I need to show that $\limsup_n \liminf_k A_n \cap A_k^c=\phi$. Thus
$\bigcap_n\bigcup_{r\geq n} \bigcup_k \bigcap_{m\geq k} A_r\cap A_m^c=\phi$?
I am trying to show that $\lim_n P(\liminf_k A_n \cap A_k^c)=0$. I need the above step and then $\limsup_n P\leq P(\limsup_n)$.

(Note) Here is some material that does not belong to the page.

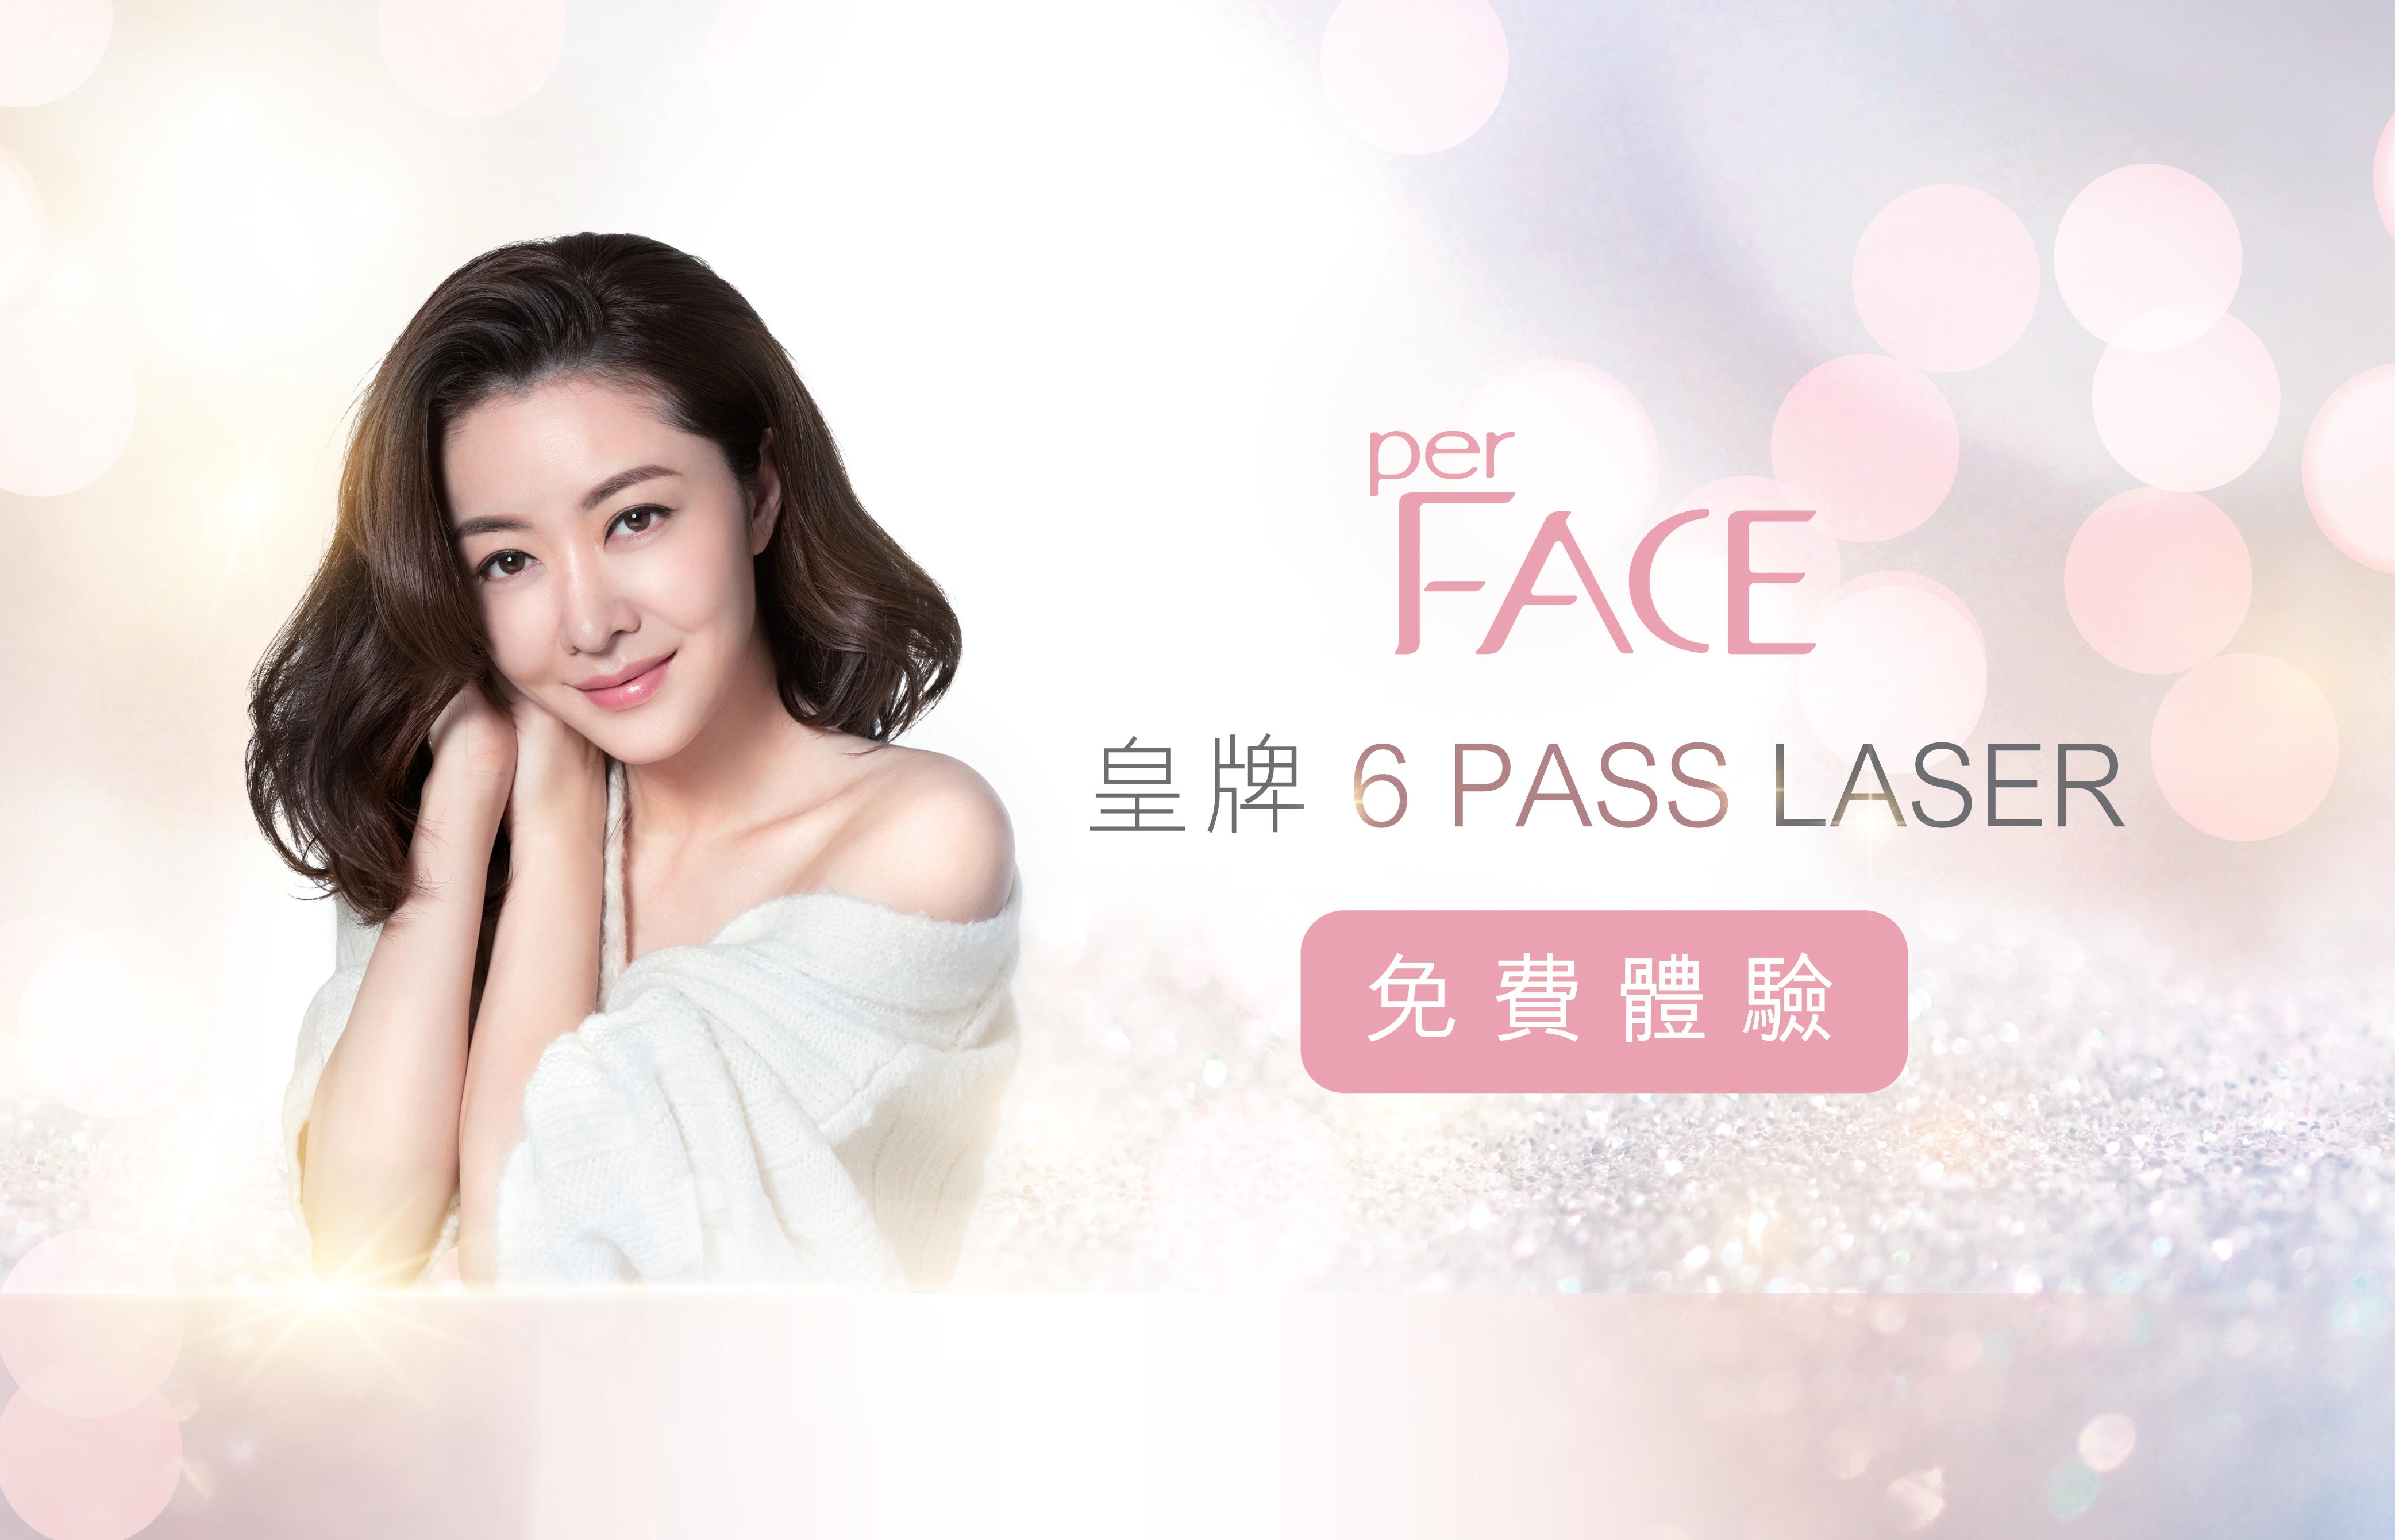 perFACE : 免費皇牌 6 Pass Laser @ Fashion Walk

If I did not make a mistake somewhere, you could do it like this. (Basically just using distributivity and de Morgan laws.) $$\bigcap_n\bigcup_{r\geq n} \bigcup_k \bigcap_{m\geq k} (A_r\cap A_m^c) = \bigcap_n\bigcup_{r\geq n} \left(A_r \cap \left(\bigcup_k \bigcap_{m\geq k} A_m^c\right)\right) = \bigcap_n\bigcup_{r\geq n} \left(A_r \cap \left(\bigcap_k \bigcup_{m\geq k} A_m\right)^c\right) = \left(\bigcap_n\bigcup_{r\geq n} A_r \right) \cap \left(\bigcap_k \bigcup_{m\geq k} A_m\right)^c = \limsup A_n \cap (\limsup A_n)^c = \emptyset$$